*What the exercise asks*.
Print only the lines below from the one with "Kinross Farmers' Market logo" to the one with "The Ladoga ringed", both included, exactly as they stand. Leave pictures out.

*Entries supplied*.
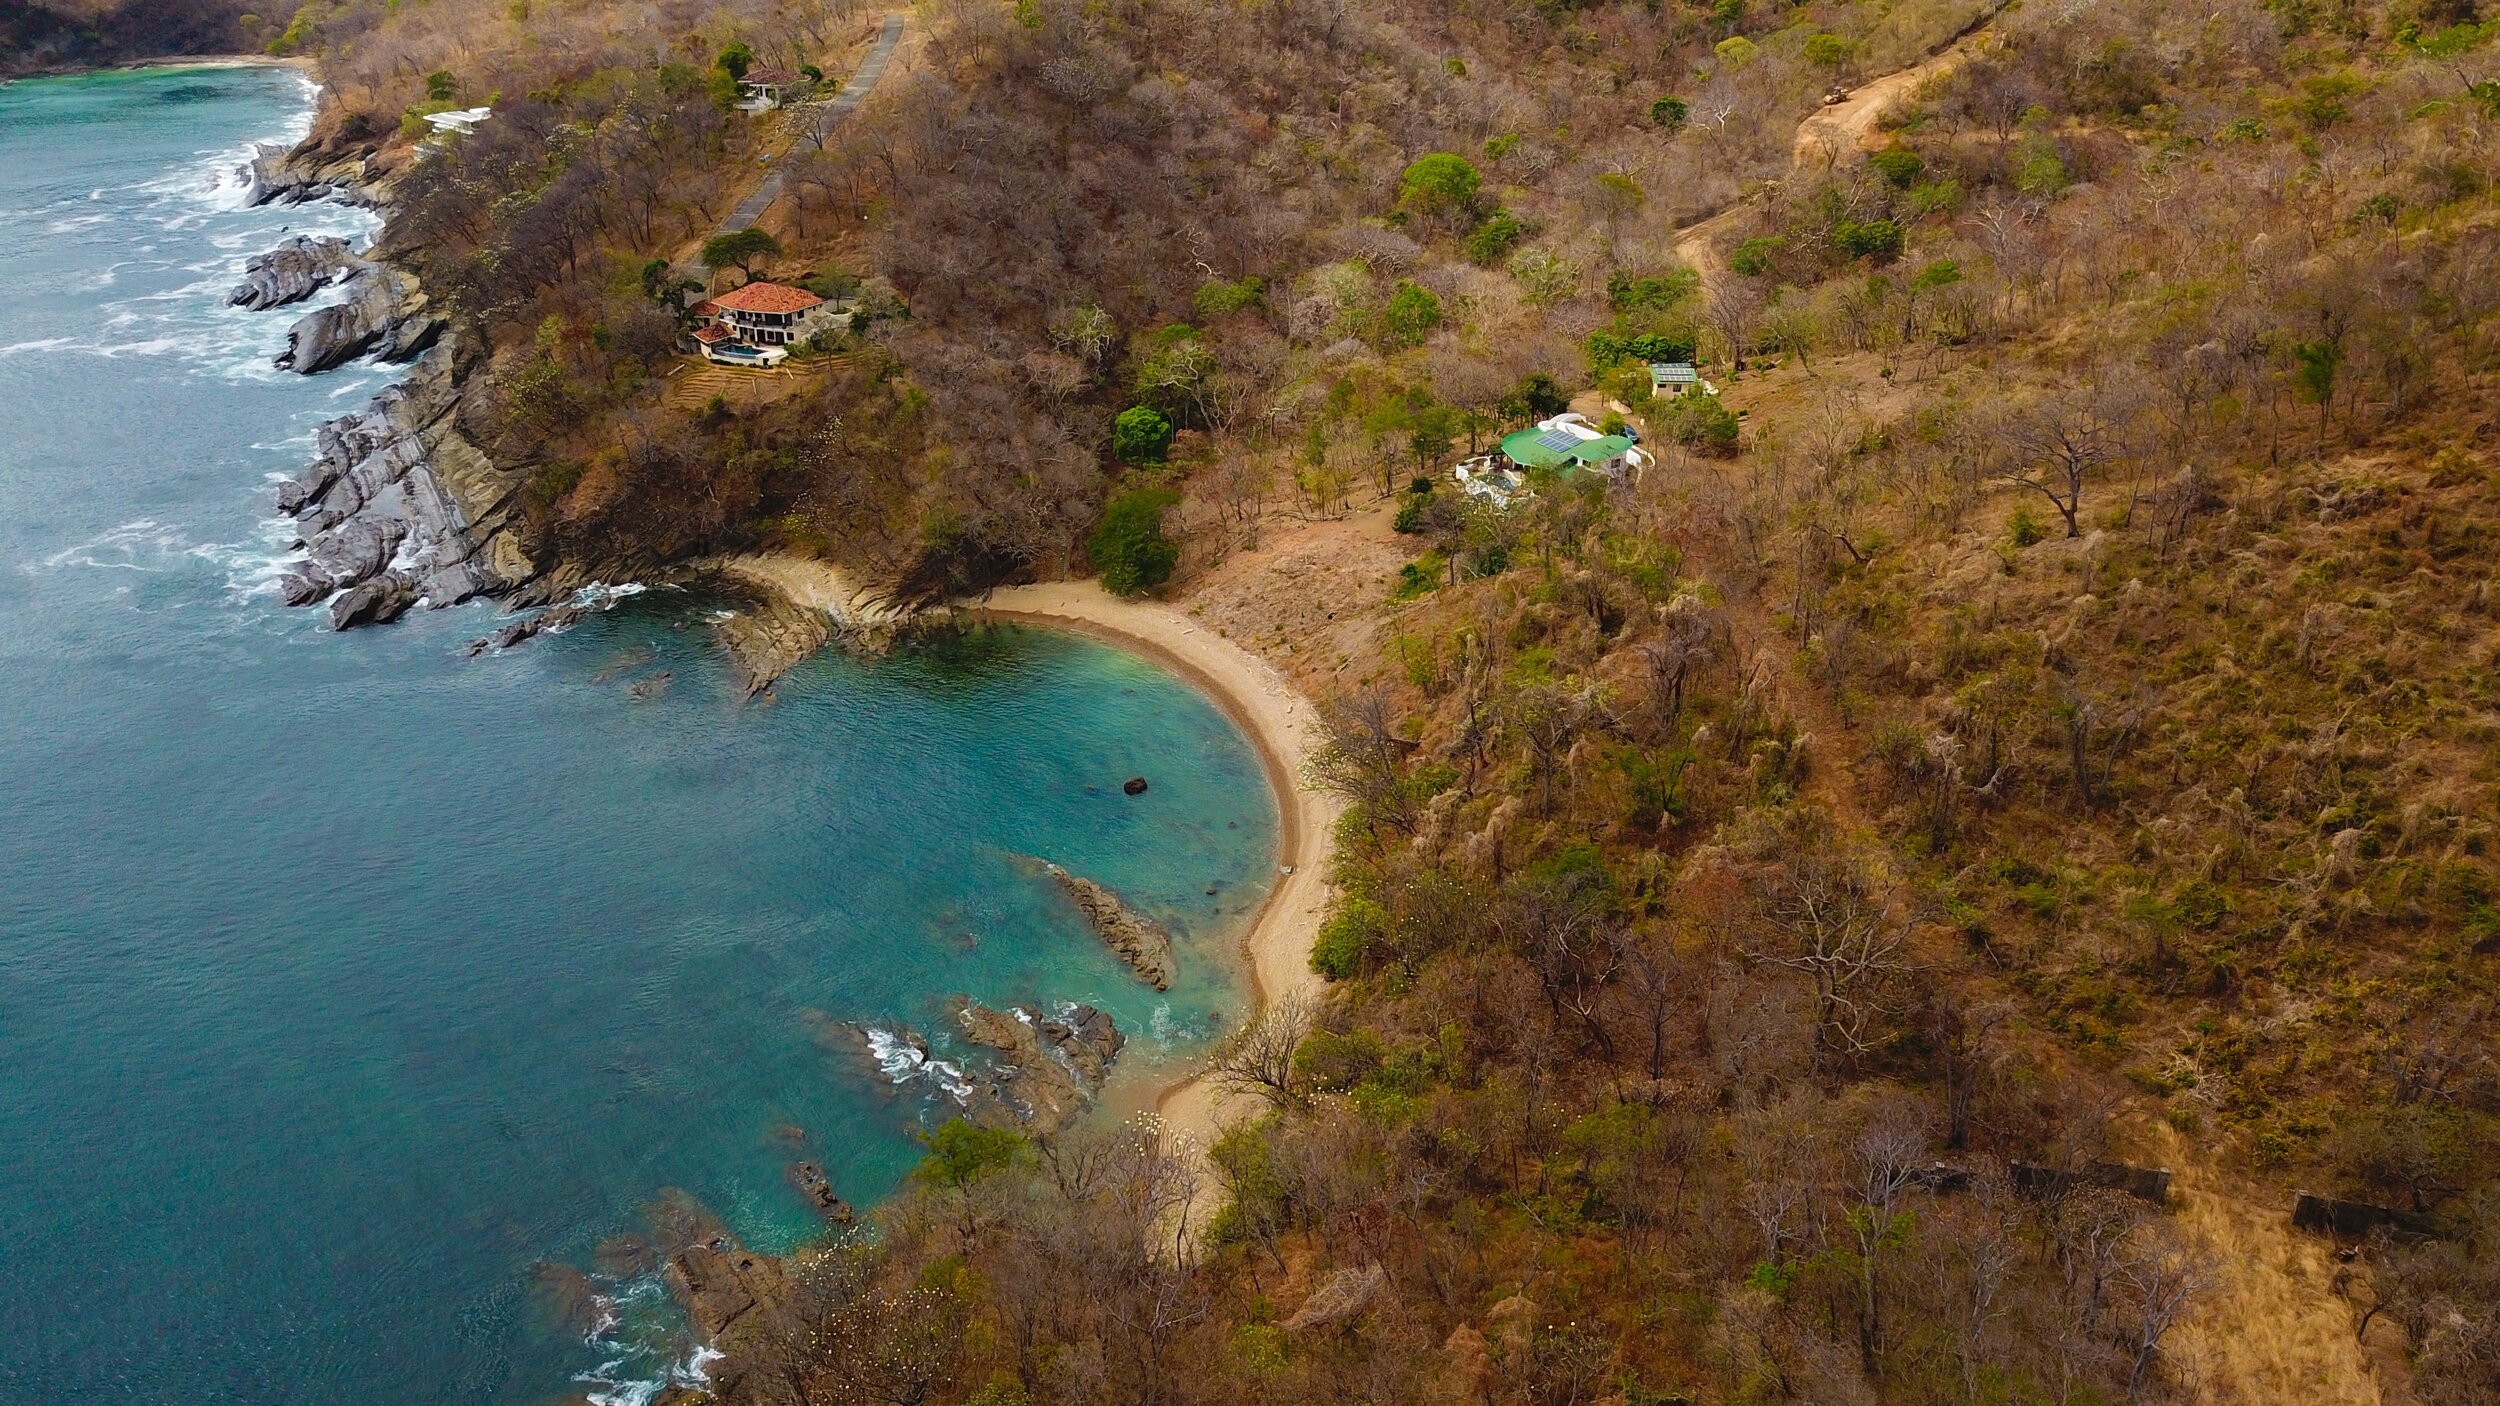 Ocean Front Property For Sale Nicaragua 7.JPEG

==

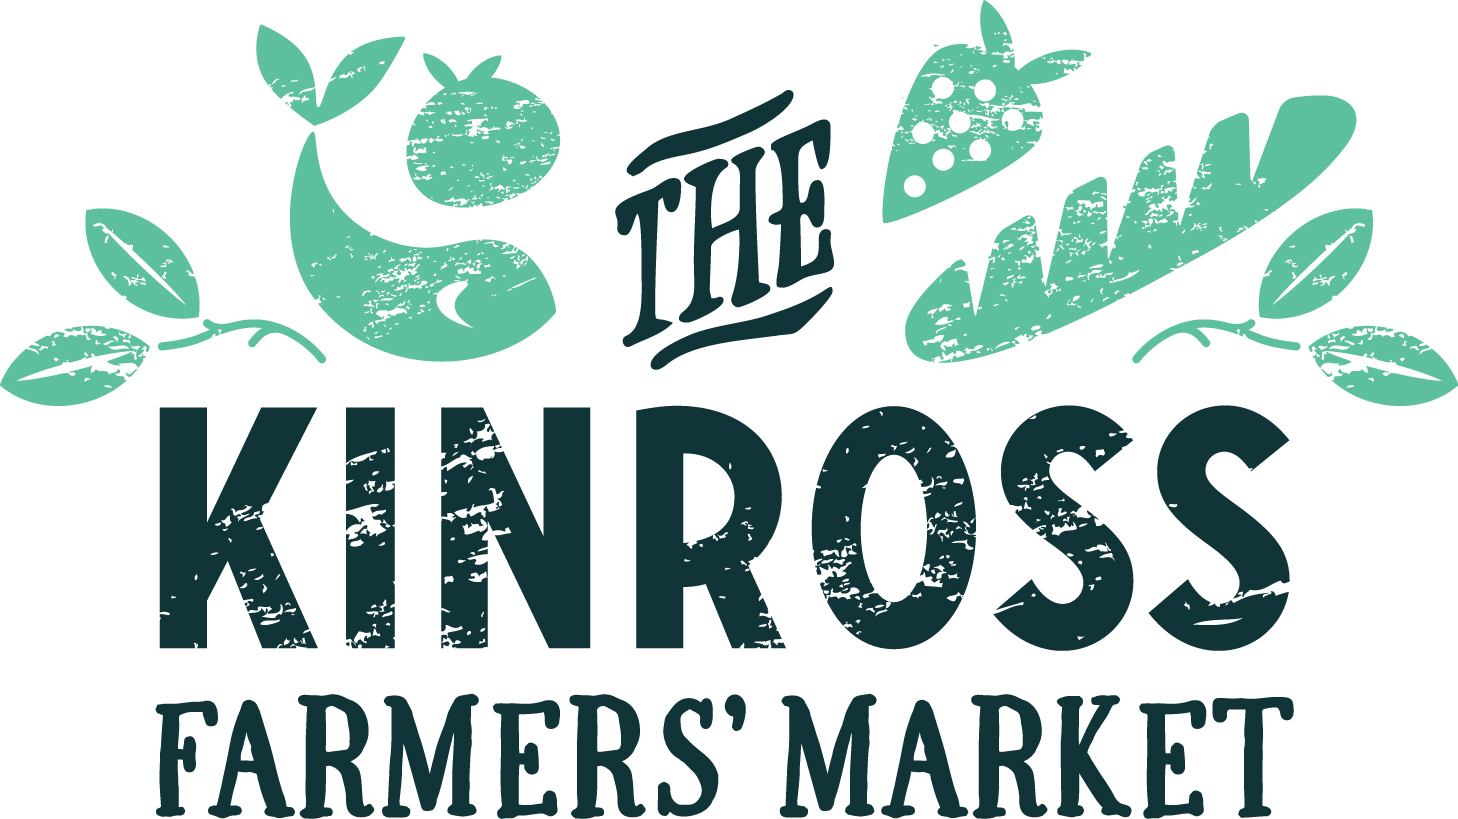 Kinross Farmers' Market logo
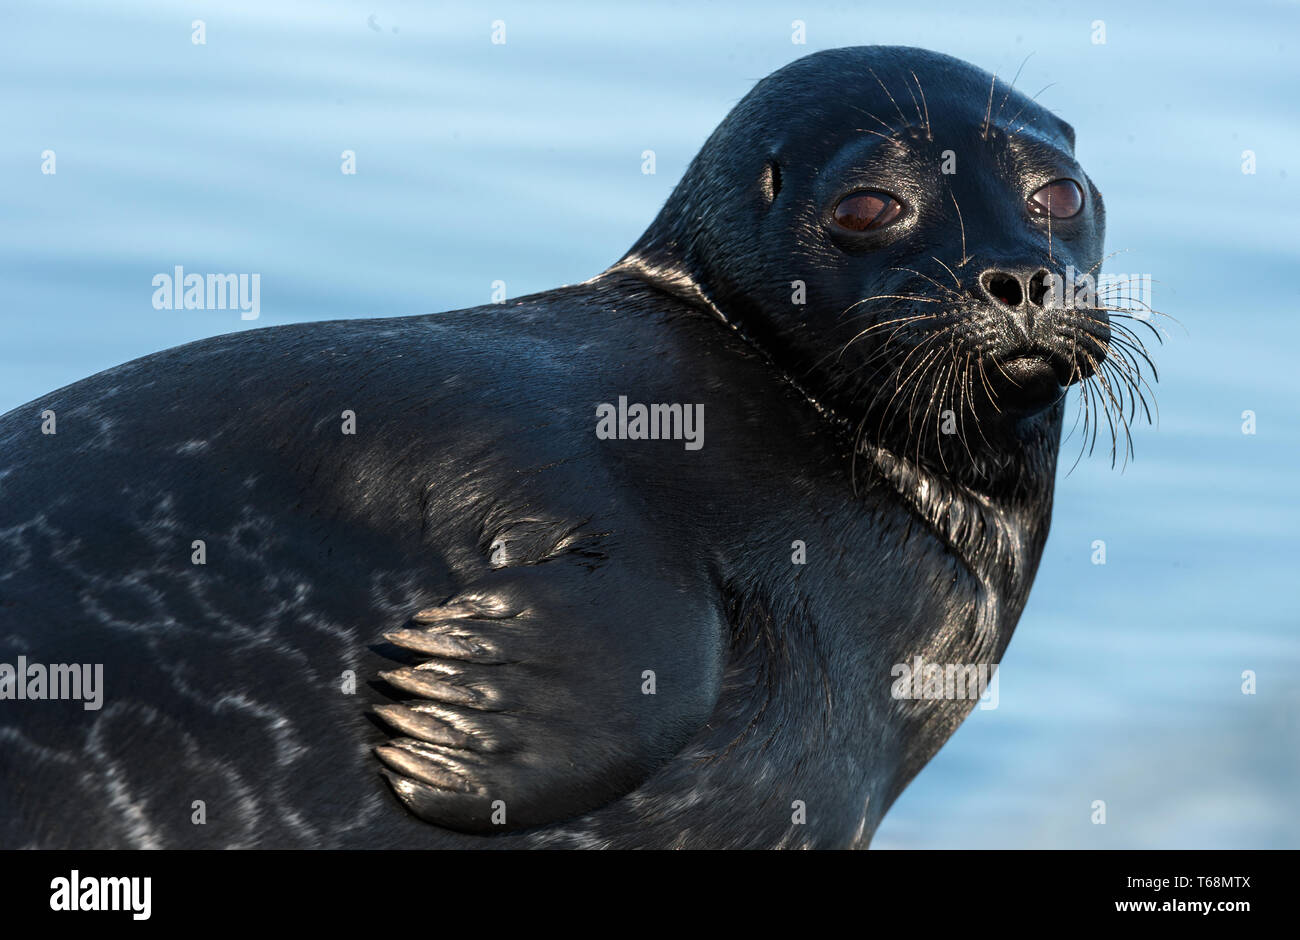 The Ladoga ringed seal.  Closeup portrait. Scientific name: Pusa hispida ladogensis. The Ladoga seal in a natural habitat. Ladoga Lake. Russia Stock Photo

*Exercise output*.
 Kinross Farmers' Market logo
 The Ladoga ringed seal.  Closeup portrait. Scientific name: Pusa hispida ladogensis. The Ladoga seal in a natural habitat. Ladoga Lake. Russia Stock Photo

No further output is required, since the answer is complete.